THEY CALLED it The Great War a century ago. Some even called it The War to End All Wars, as if any war could provide such a miracle. We were reminded of that much-abused nickname back in the 1990s, when some in the commentariat were describing The End of History after the fall of the Soviet Union.

Mankind, you are educated but unlearned.

Then came the Second World War, and by then people had decided that The War to End All Wars was a foolish moniker. They decided, during WWII, to call the previous war World War One. A man named Churchill was even talking about World War III before World War II was complete.

Since then, we've had the Cold War, which turned hot on several occasions. Including a couple times in Asia. But don't forget the proxy wars all over the globe for years before the USSR finally wilted to its deserved demise.

Then, one sunny September morn 18 years ago, The Long War began.

Imagine that. It's been 18 years. There are kids finishing high school who weren't born by Sept. 11, 2001. The big wheel spins, hair thins, people forget.

Eighteen years. Hitler was only in power in Germany for 12, and only at war with the rest of the world for about five and a half. If you clock America's involvement in Vietnam from Kennedy's escalation to the fall of Saigon, that war lasted about a dozen years (for us). Technically, the Korean War is still going, but the armies (mostly) quit firing on one another in 1953.

So this current war has been going on a long time. America's longest war, by most measures.

It's also the confusing war. We all knew where it began. But where will it end?

We looked up "War on Terror" on Wikipedia, always a dangerous source of information. The timeline for the war is given as Sept. 11, 2001, to "present." That sounds about right.

The Belligerent States are western leaders, mostly, against terrorist outfits. But there's a whole separate section called "Other Countries," including Afghanistan, Egypt, India, Iraq, Nigeria, Mozambique, Yemen, and a host of others.
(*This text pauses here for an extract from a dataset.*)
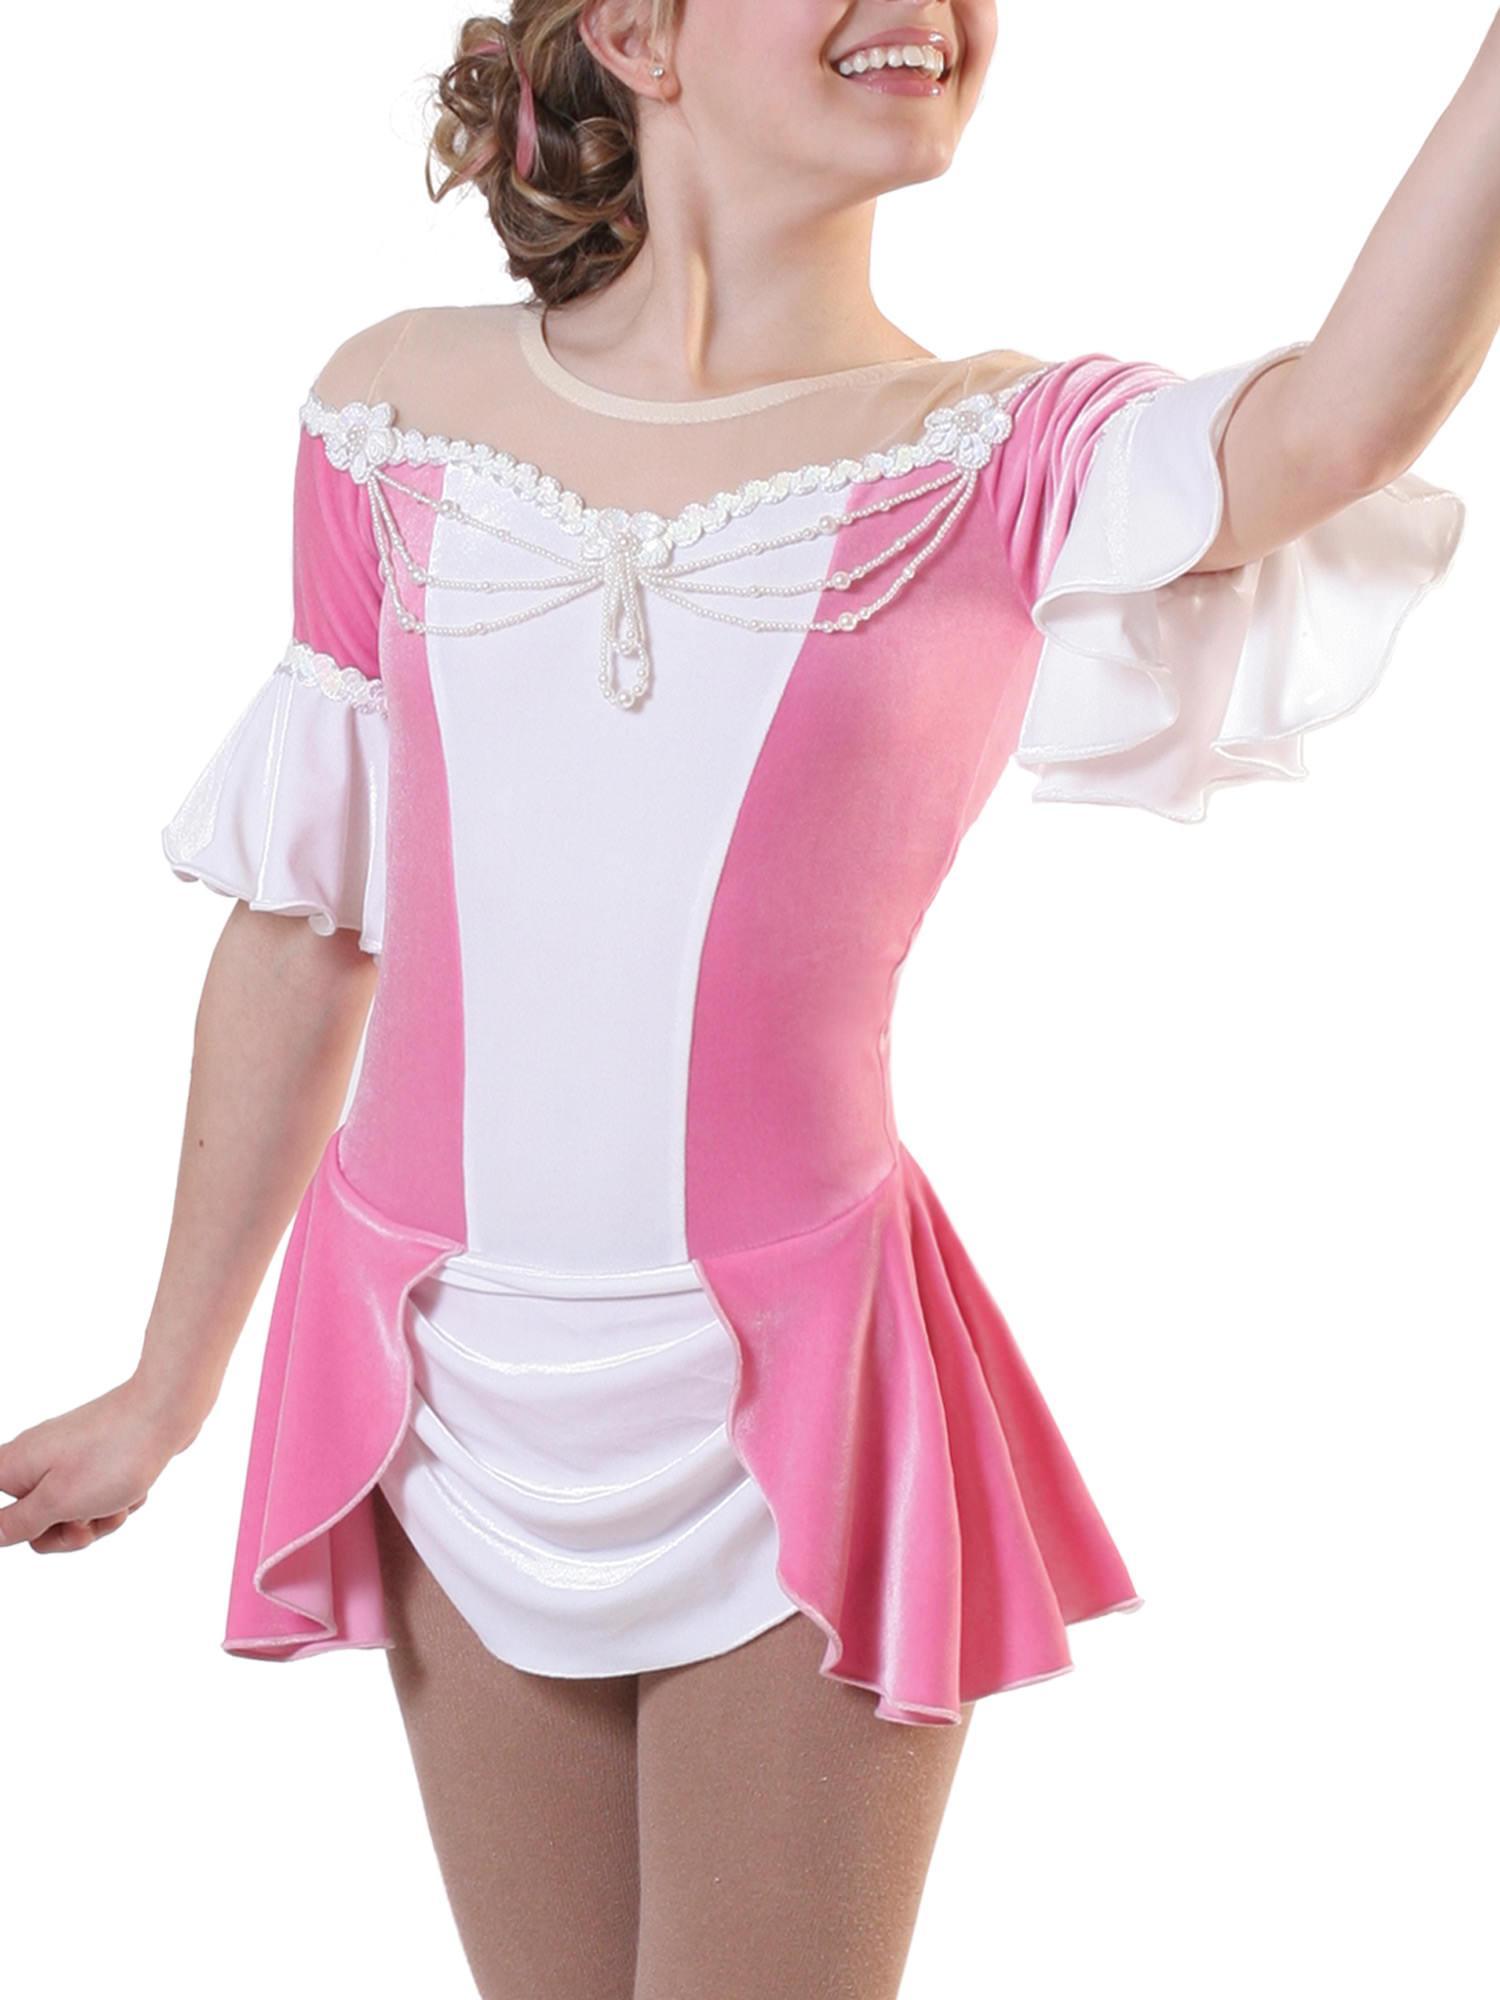 Jalie 2791 - Princess Skating Dress for Girls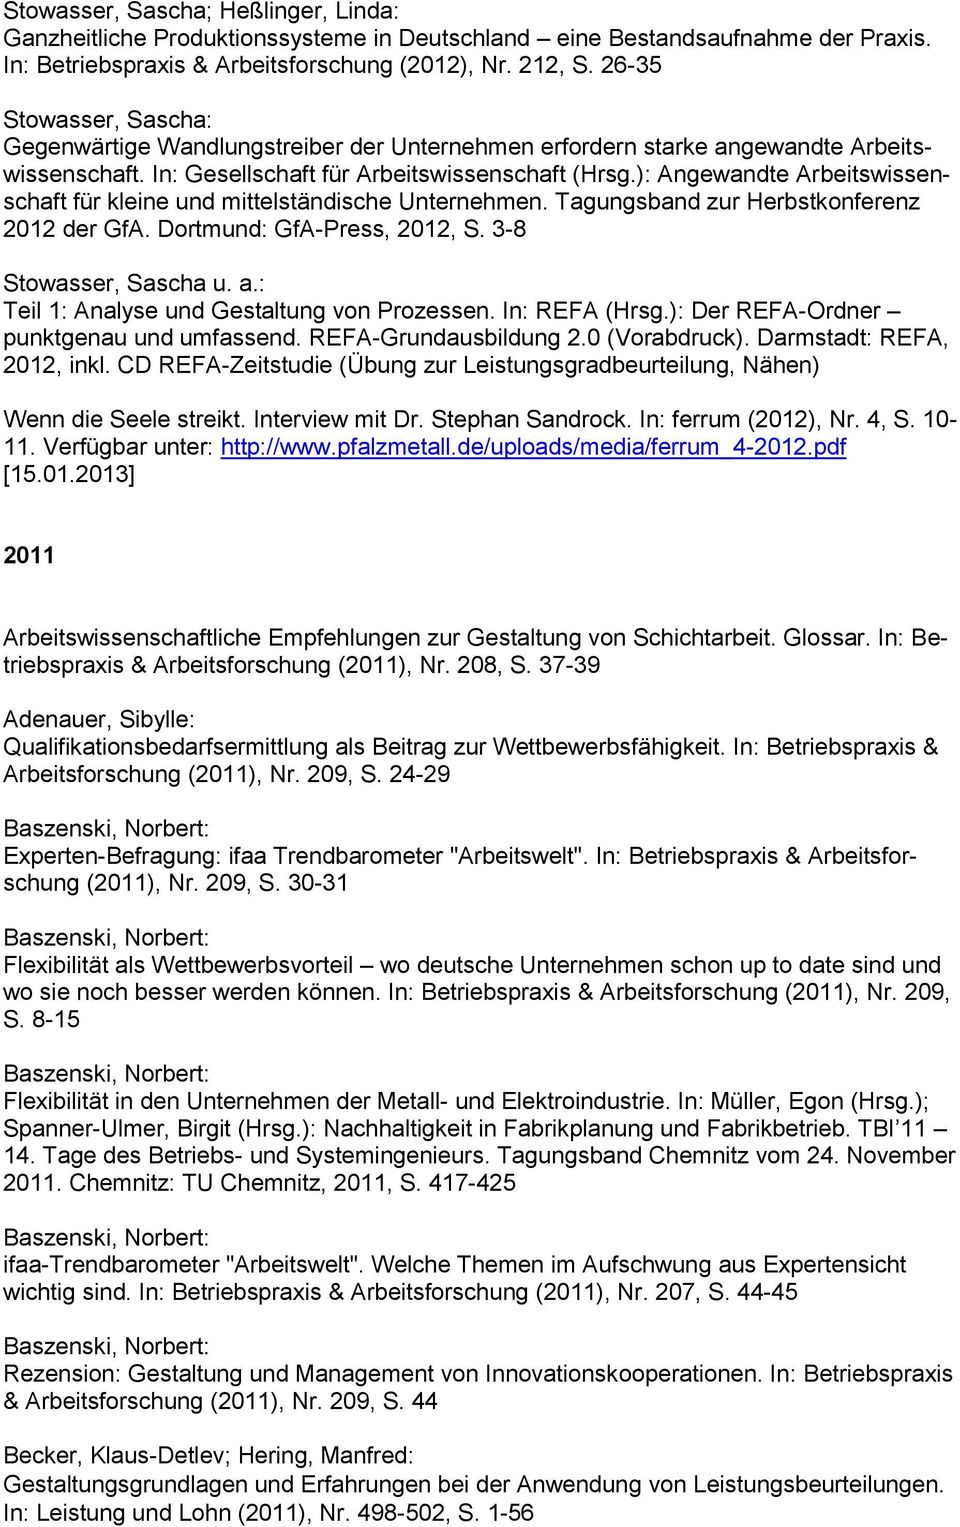 ): Angewandte Arbeitswissenschaft für kleine und mittelständische Unternehmen. Tagungsband zur Herbstkonferenz 2012 der GfA. Dortmund: GfA-Press, 2012, S. 3-8 Stowasser, Sascha u. a.

How do you end a war with no clear battle lines or fronts? And no clear enemy, who disappear into their populations after planting their bombs. Will a War on Terror continue until there are no more bad guys left on the planet? Oh, Lord, hear our prayers. If that's the definition of The End, then there is no end in sight.

It's hard to fight a unilateral war. That is, when only one side is fighting it. As it was doing on Sept. 10, 2001. The United States had decided that other attacks on its mainland were just police matters, and the perps could be rounded up, read their rights, and given proper lawyers. But there was no ignoring the nation was at war as the twin towers smoked, then fell. Exactly 18 years ago today.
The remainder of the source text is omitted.